PHP string length calculation-strlen () function usage

Source: Internet
Author: User

Strlen () and mb_strlen () Functions

In PHP, The strlen () function returns the length of the string. The function prototype is as follows:
Copy codeThe Code is as follows:
Int strlen (string string_input );

The string_input parameter is the string to be processed.

The strlen () function returns the length of a string in bytes. Each letter, number, and symbol occupies one byte. The length of each character is 1. A midday character occupies two bytes, so the length of a midday character is 2. For example
Copy codeThe Code is as follows:
<? Php
Echo strlen ("www.sunchis.com ");
Echo strlen ("sanzhi Development Network ");
?>

"Echo strlen (" www.sunchis.com ");" running result: 15

"Echo strlen (" sanzhi Development Network ");" running result: 15

I have a question: isn't a Chinese character in 2 bytes? The "sanzhi Development Network" clearly contains five Chinese characters. How can the running result be 15?

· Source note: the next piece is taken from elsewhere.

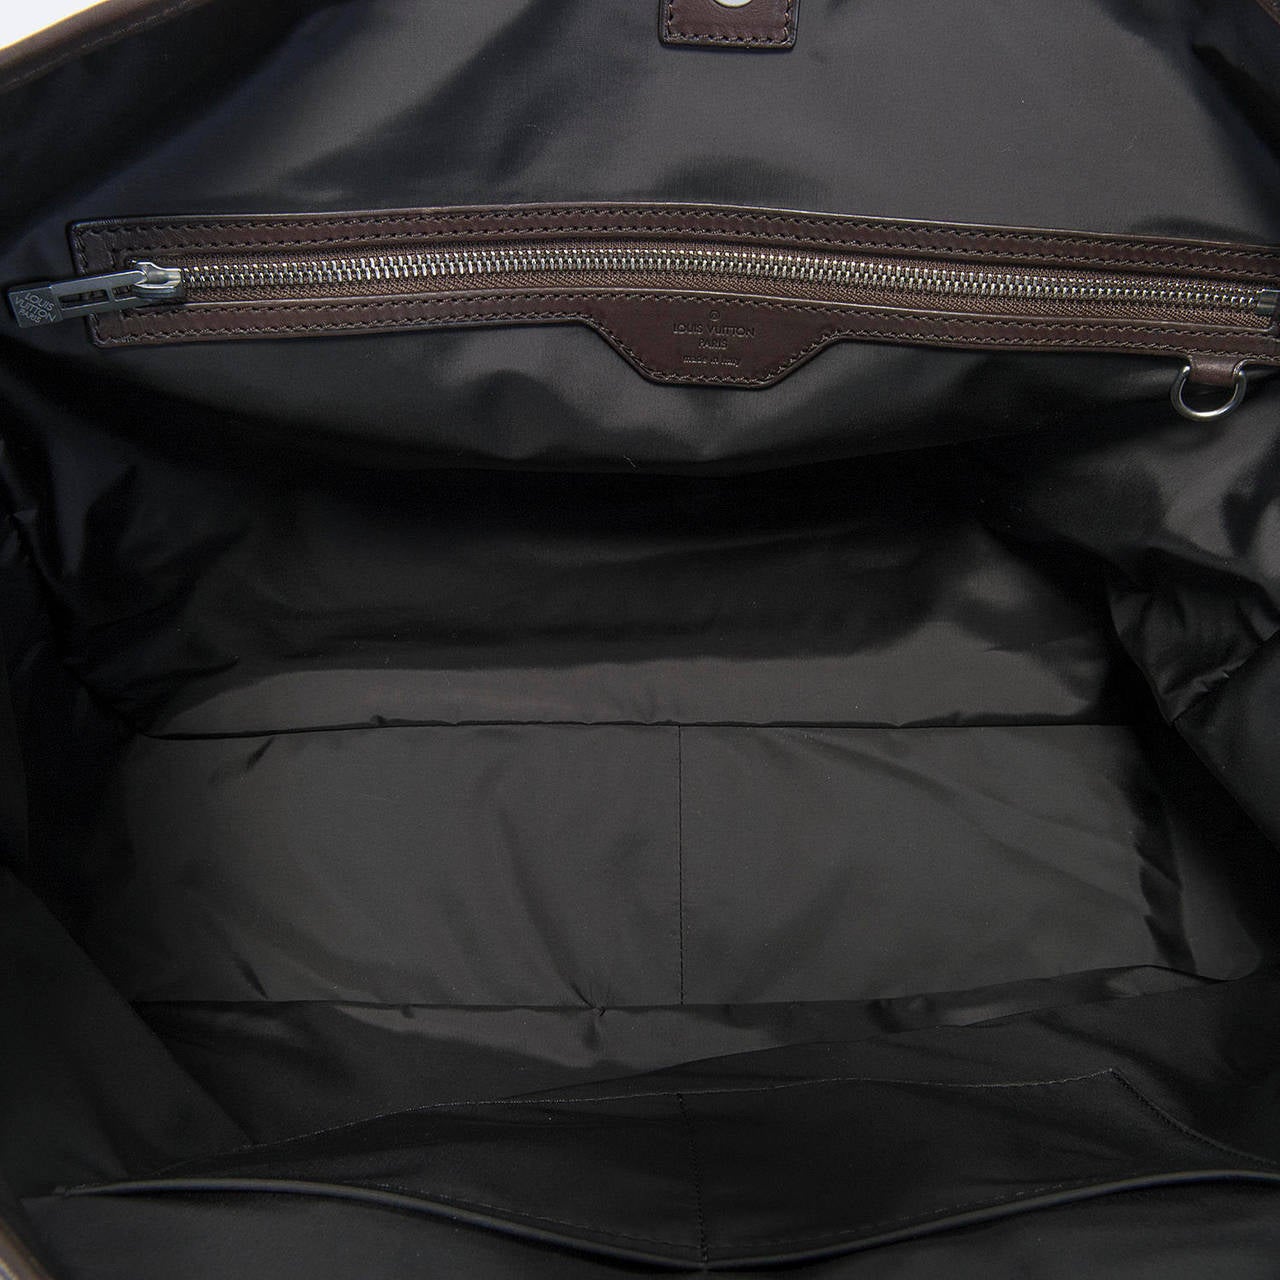 A Super Large Louis Vuitton 40cm Tote & Shoulder Bag with Palladium Hardware 1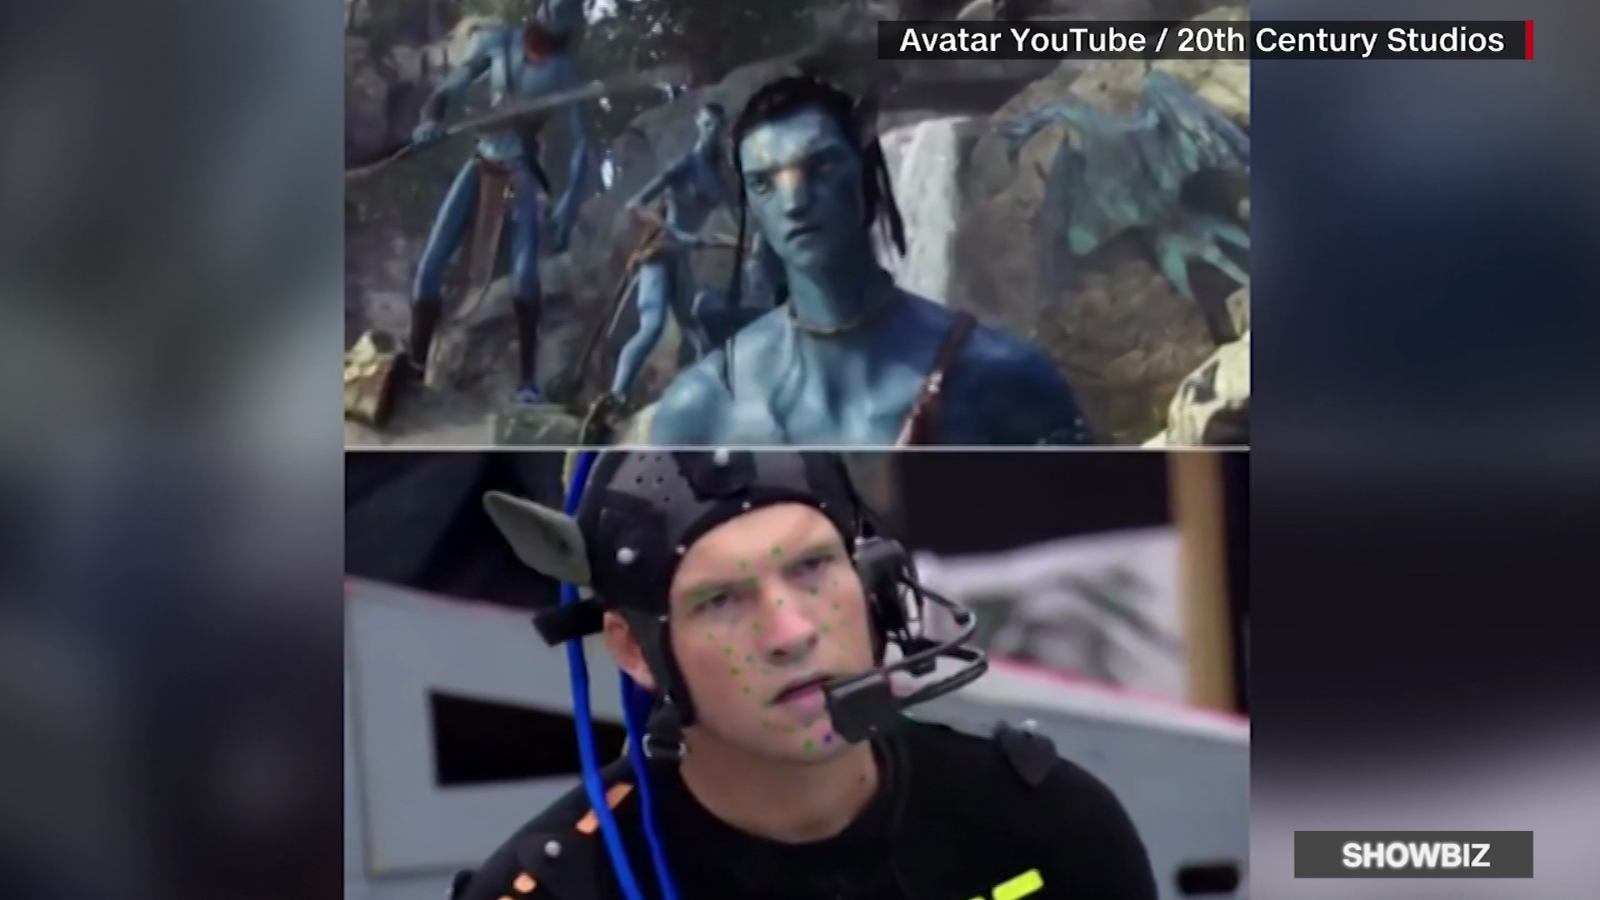 Avatar 2 detrás de cámaras: Là người hâm mộ của bộ phim bom tấn này, bạn chắc chắn không muốn bỏ lỡ những câu chuyện hậu trường thú vị phải không? Cùng khám phá những bí mật và hình ảnh độc quyền về quá trình làm phim của đội ngũ sản xuất và diễn viên.

The reason is that when strlen () is calculated, the Chinese character of a UTF-8 is treated as 3 in length. In the case of a mix of Chinese and English, how can we accurately calculate the length of a string? Here, we need to introduce another function mb_strlen (). The usage of the mb_strlen () function is almost the same as that of strlen (), but the parameter of the specified character set encoding is added. Function prototype:
Copy codeThe Code is as follows:
Int mb_strlen (string string_input, string encode );

The built-in String Length function strlen in PHP cannot properly process Chinese strings. It only obtains the number of bytes occupied by strings. For GB2312 Chinese encoding, strlen obtains two times the number of Chinese characters, and for the UTF-8 encoding of Chinese, is three times the difference (in the UTF-8 encoding, A Chinese Character occupies 3 bytes ). Therefore, the following code can accurately calculate the length of a Chinese string:
Copy codeThe Code is as follows:
<? Php
$ Str = "sanzhi sunchis Development Network ";
Echo strlen ($ str). "<br>"; // result: 22
Echo mb_strlen ($ str, "UTF8"). "<br>"; // result: 12
$ Strlen = (strlen ($ str) + mb_strlen ($ str, "UTF8")/2;
Echo $ strlen; // result: 17
?>

Principle Analysis:

Strlen () calculation, the length of the Chinese characters for UTF-8 is 3, so the length of "Three known sunchis Development Network" is 5 × 3 + 7 × 1 = 22
When mb_strlen is calculated, if the selected inner code is UTF8, a Chinese character will be calculated as the length of 1. Therefore, the length of "sanzhi sunchis Development Network" is 5x1 + 7x1 = 12.

The rest is purely a mathematical problem, so I won't be so embarrassed here ......

Note:For mb_strlen ($ str, 'utf-8'), if the second parameter is omitted, PHP internal encoding is used. The internal encoding can be obtained through the mb_internal_encoding () function. It should be noted that mb_strlen is not a PHP core function. before using it, make sure that. the "php_mbstring.dll" line is loaded in ini to ensure that the "extension = php_mbstring.dll" line exists and is not commented out. Otherwise, the problem of undefined functions may occur.

Contact Us

The content source of this page is from Internet, which doesn't represent Alibaba Cloud's opinion; products and services mentioned on that page don't have any relationship with Alibaba Cloud. If the content of the page makes you feel confusing, please write us an email, we will handle the problem within 5 days after receiving your email.

If you find any instances of plagiarism from the community, please send an email to: info-contact@alibabacloud.com and provide relevant evidence. A staff member will contact you within 5 working days.

A Free Trial That Lets You Build Big!

Start building with 50+ products and up to 12 months usage for Elastic Compute Service

  • Sales Support

    1 on 1 presale consultation

  • After-Sales Support

    24/7 Technical Support 6 Free Tickets per Quarter Faster Response

  • Alibaba Cloud offers highly flexible support services tailored to meet your exact needs.